- [Instructions to follow]
Exactly the lines from the one containing "La farfalla a" through the one containing "Seiko Women's Seiko" in the listing below are to be copied, with the pictures left out.

- [Supplied data]
*** Begin section ***
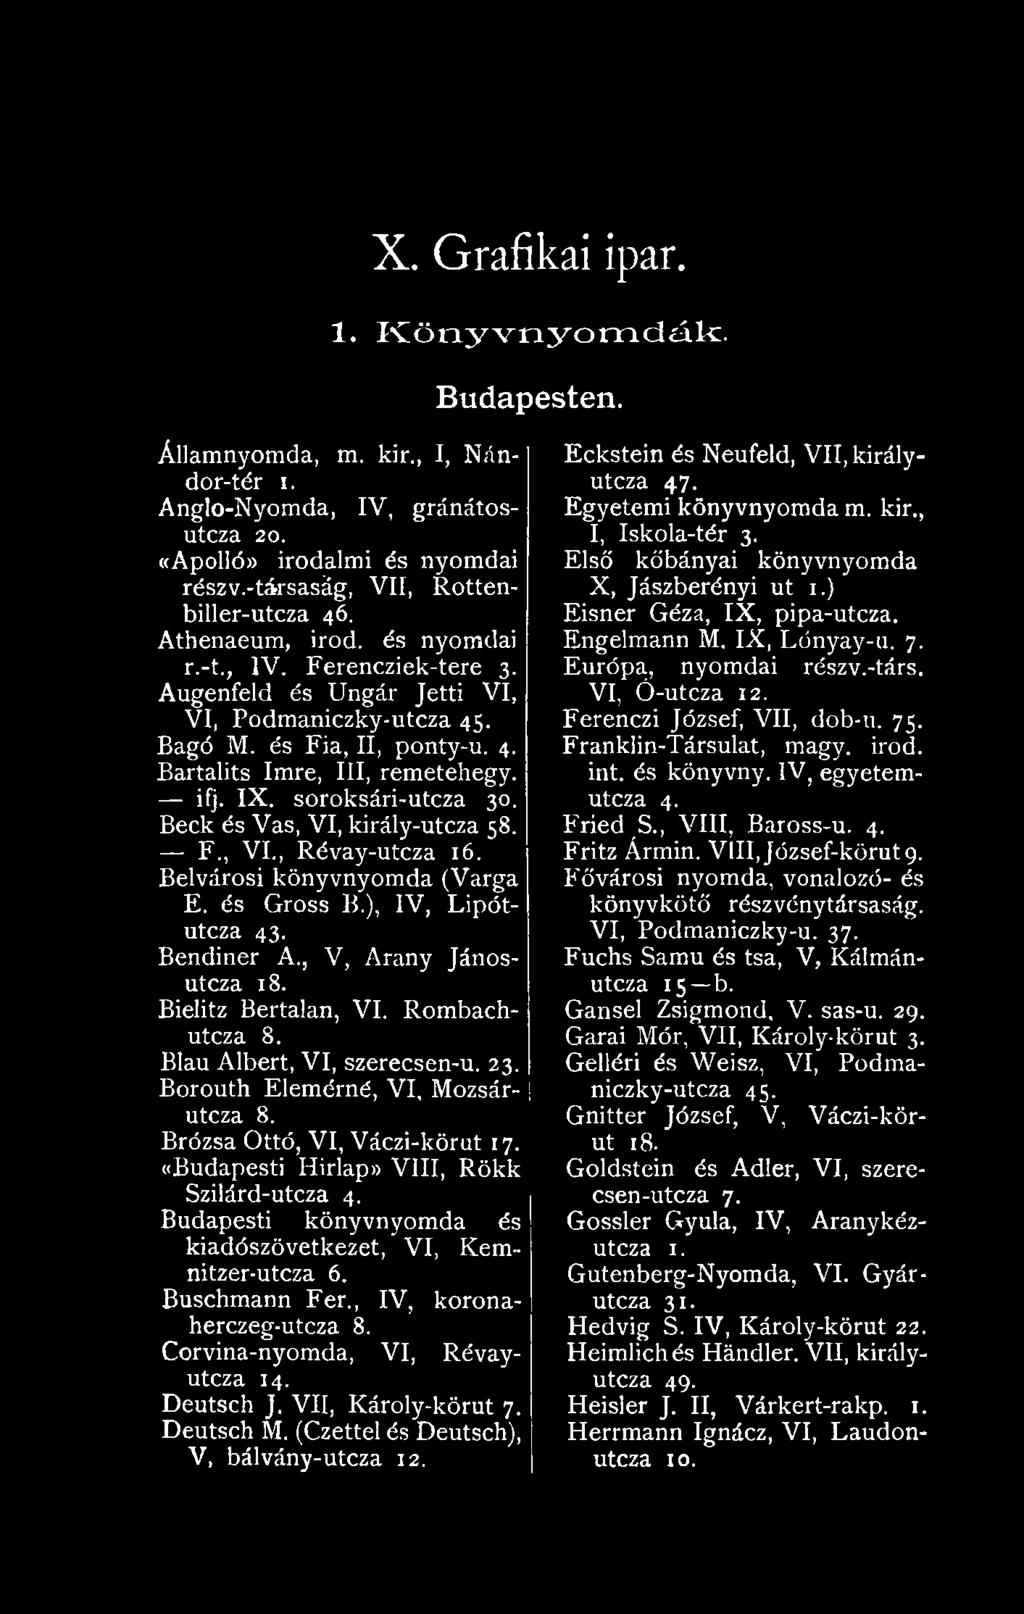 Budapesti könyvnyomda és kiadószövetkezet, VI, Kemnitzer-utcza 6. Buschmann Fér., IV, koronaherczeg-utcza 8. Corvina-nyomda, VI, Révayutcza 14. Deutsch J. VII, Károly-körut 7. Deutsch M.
*** End section ***
*** Begin section ***
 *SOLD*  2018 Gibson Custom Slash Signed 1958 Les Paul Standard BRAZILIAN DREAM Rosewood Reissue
*** End section ***
*** Begin section ***
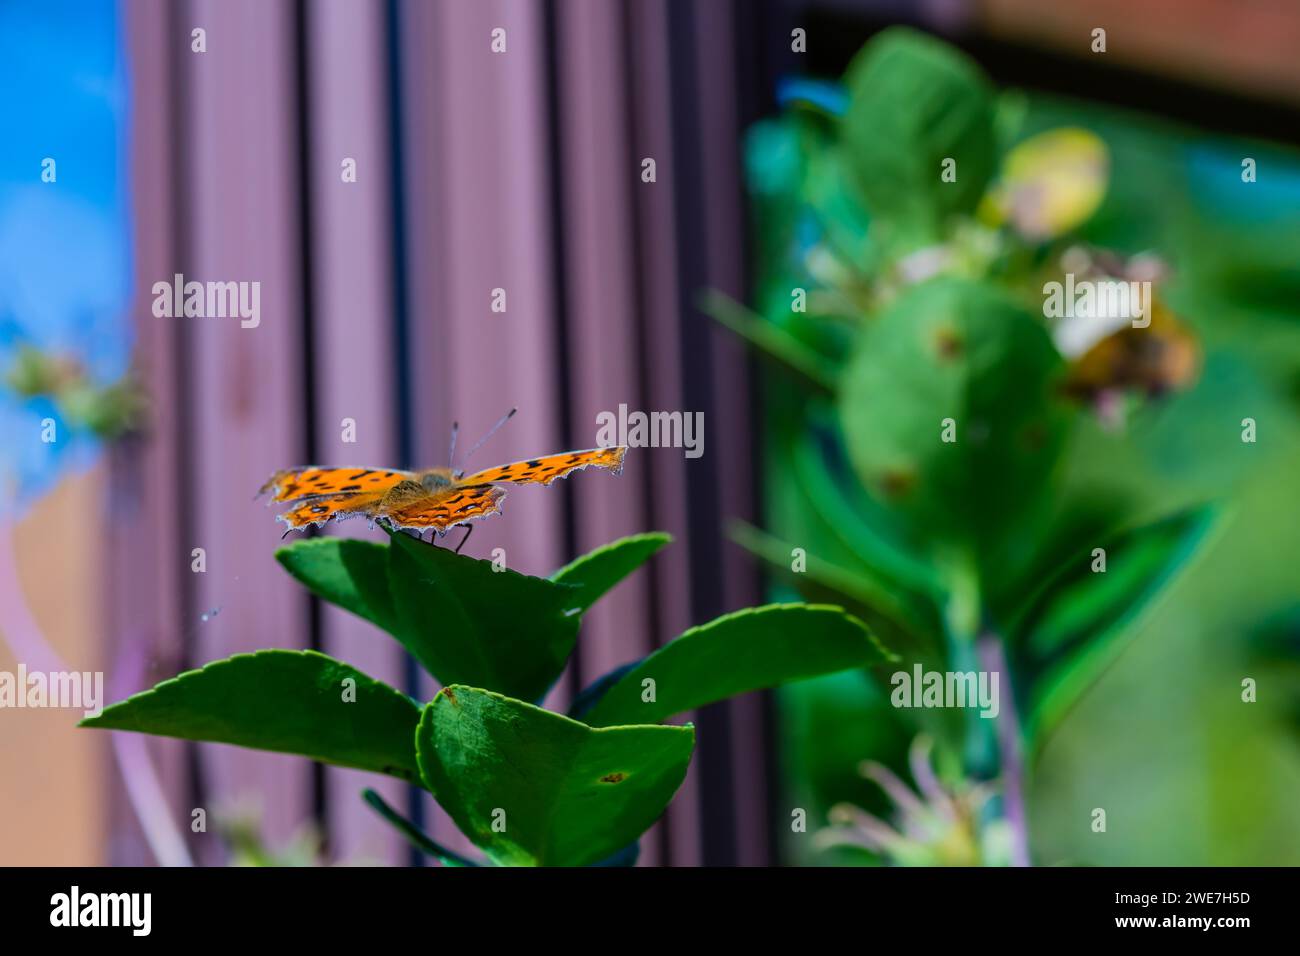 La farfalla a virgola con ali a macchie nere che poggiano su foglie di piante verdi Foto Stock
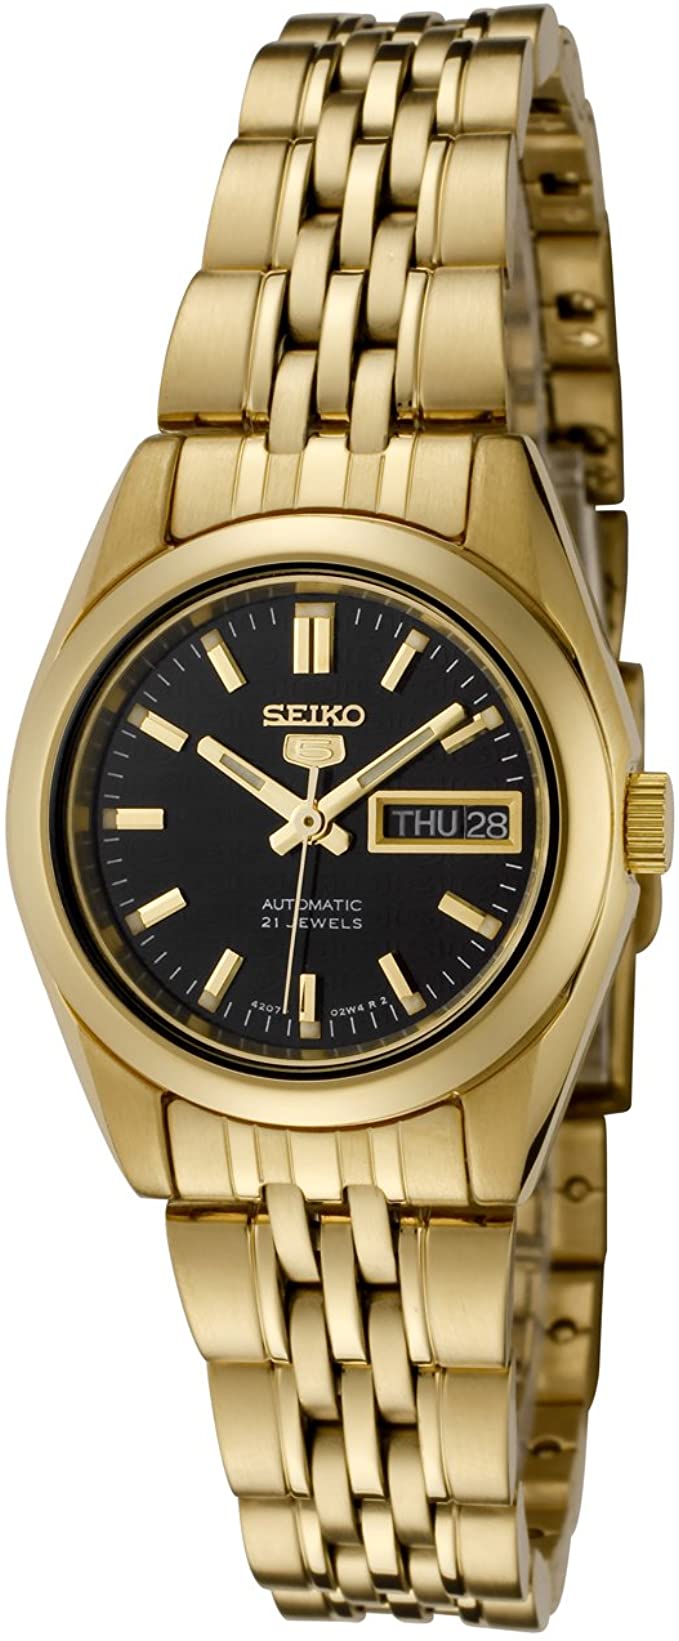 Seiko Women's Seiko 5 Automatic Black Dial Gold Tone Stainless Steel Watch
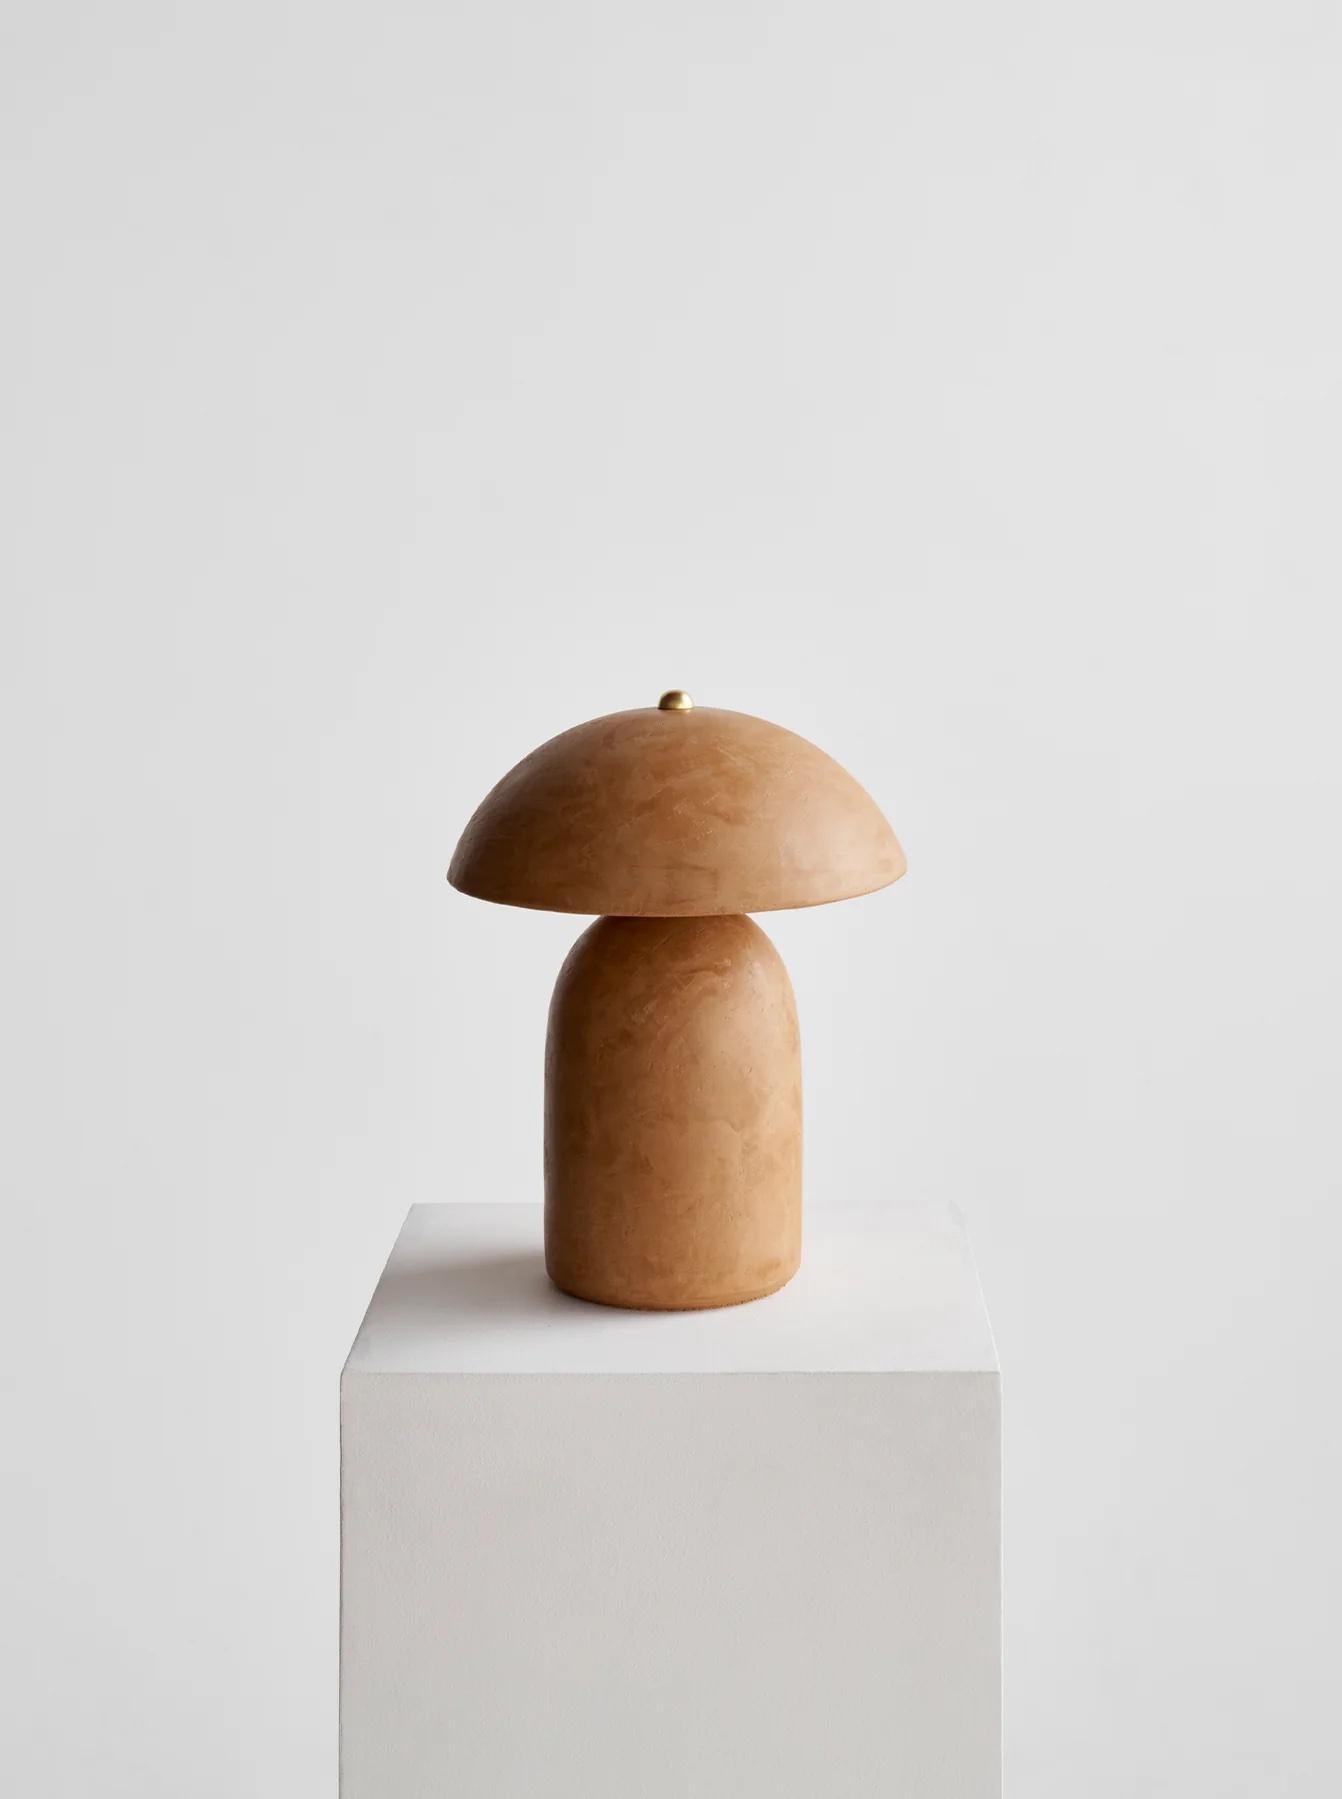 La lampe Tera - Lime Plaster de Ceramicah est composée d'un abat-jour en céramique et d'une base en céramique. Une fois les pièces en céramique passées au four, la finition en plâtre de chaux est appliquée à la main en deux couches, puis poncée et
*** End section ***
- [Answer below]
 La farfalla a virgola con ali a macchie nere che poggiano su foglie di piante verdi Foto Stock
 Seiko Women's Seiko 5 Automatic Black Dial Gold Tone Stainless Steel Watch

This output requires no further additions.